Музыка резко оборвалась. Полнейшая тишина пугала меня еще сильнее. Вытянув телефон перед собой, я осмотрелась. В луче света мелькнули шкафы и коробки, уложенные друг на друга, и целые галактики пыли, взметнувшиеся в воздух от движения двери. Среди всего этого хлама, явно в спешке нагроможденного вдоль стен, выделялся большой светлый предмет. Прямоугольный. И от взгляда на него сердце сжалось почти до боли. И меня неумолимо, почти неистово, словно какими-то неведомыми силами, потянуло к нему.
Это был рояль.
Глава 26
Облупившаяся местами краска, потертые матовые поверхности, элегантная форма. Он был белым и довольно старым. Смотрелся инопланетянином посреди кучи хлама, наваленного в комнате. Большим и громоздким.
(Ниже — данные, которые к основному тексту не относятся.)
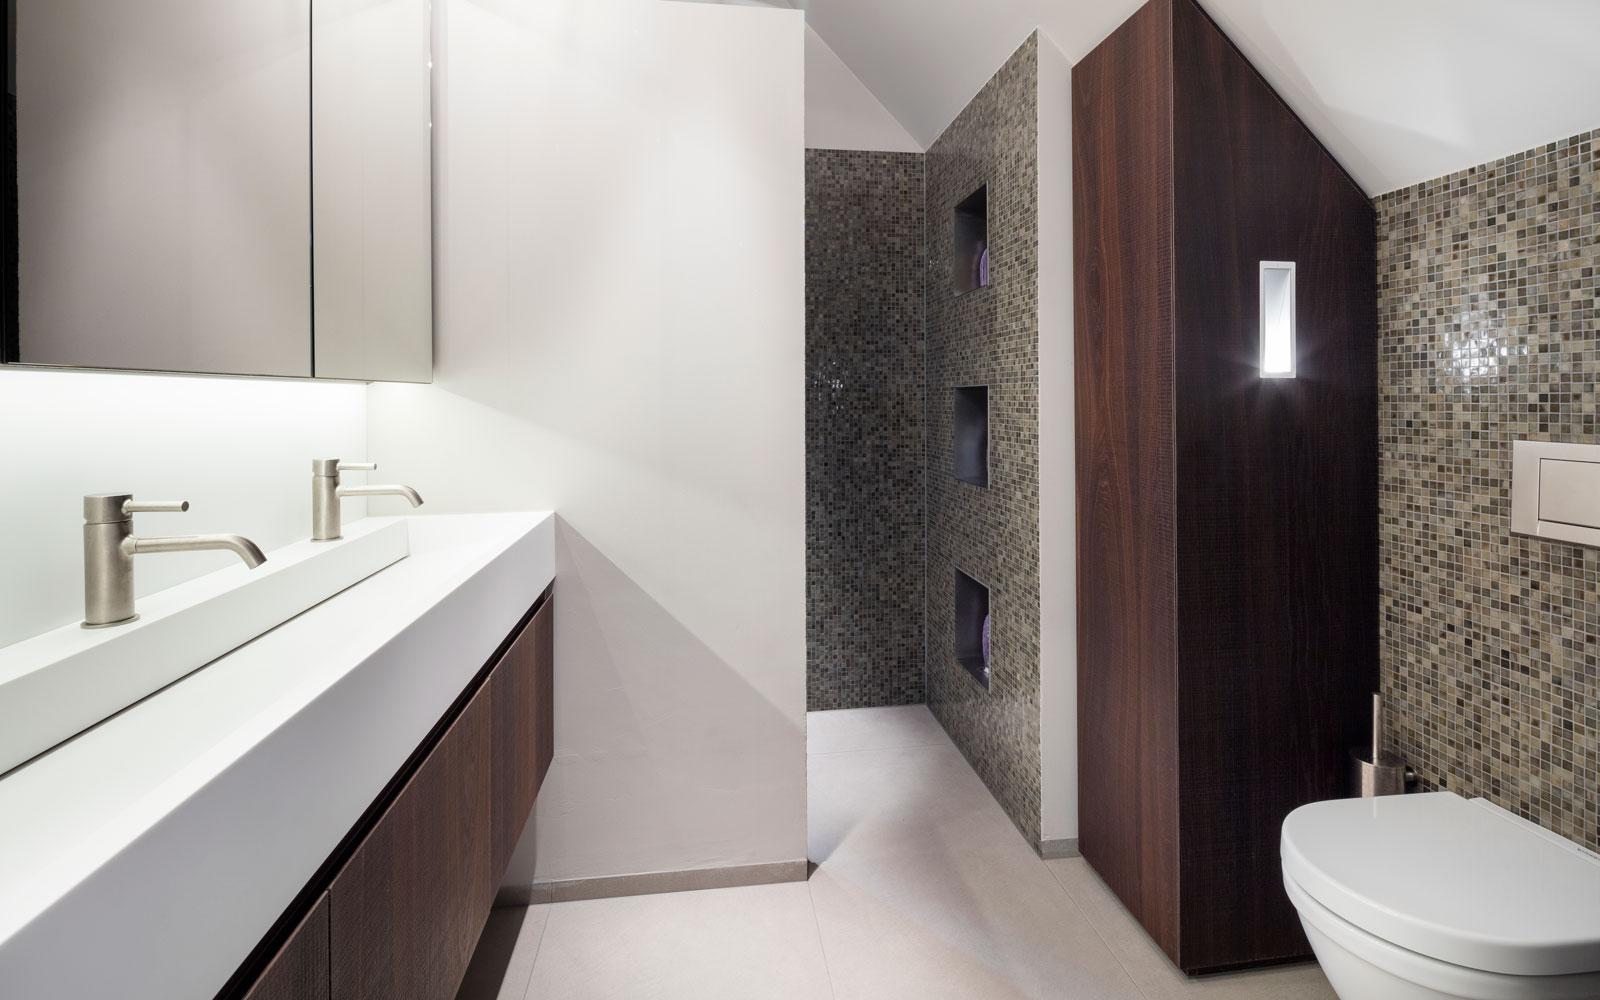 Badkamer, sanitair, Agape, wastafel, houten accenten, moderne villa, François Hannes

Не успела приблизиться, руки сами потянулись к нему. Сунув телефон в карман пижамных штанов, я подтянула к себе маленький круглый стульчик и опустилась на него. Лунного света, что попадал из окна, было недостаточно, чтобы как следует рассмотреть инструмент, но пальцы, словно повинуясь чьему-то настойчивому зову, уже нащупали и сняли крышку. Клавиши на ощупь казались твердыми и прохладными, но стоило чуть надавить — становились податливыми и мягкими. Нажала на одну, и та легонько провалилась, наполнив помещение пронзительным звуком.
«Нет, нет, нет».
Меня затрясло еще сильнее: руки сами уже парили над гладью клавиш, извлекая из рояля проклятую мелодию. Никогда в жизни я не играла ни на одном инструменте, не разбиралась в нотах, не знала, как и из чего строится мелодия. Господи, да у меня даже слуха не было! А теперь мои пальцы привычно касались инструмента, быстро перемещались по нему в, казалось бы, хаотичном порядке, но комната наполнялась самой настоящей музыкой. Которую играла я. Сама. И от этого слезы, застилая глаза, текли сами собой.
«Что это? Почему я знала каждую ноту? Нет, не знала — помнила. Иначе бы руки не летали над клавишами так свободно и непринужденно».
Ноги касались педалей, плечи подергивались в напряжении, следуя за движениями рук, голова бессознательно кивала в такт. От непонимания, как все это может быть возможным, становилось дико и страшно. Но я продолжала играть, просто не могла остановиться. Музыке, создаваемой столь величественным инструментом, не хватало места в маленькой комнате. Она взрывалась сумасшедшим потоком, билась о стены и вытекала наружу оглушающим океаном из нот. Огромным цунами, сметающим все на своем пути. Многотонной волной, смесью изумления, страха и ужаса — моих собственных и того, кто был заперт в моем теле.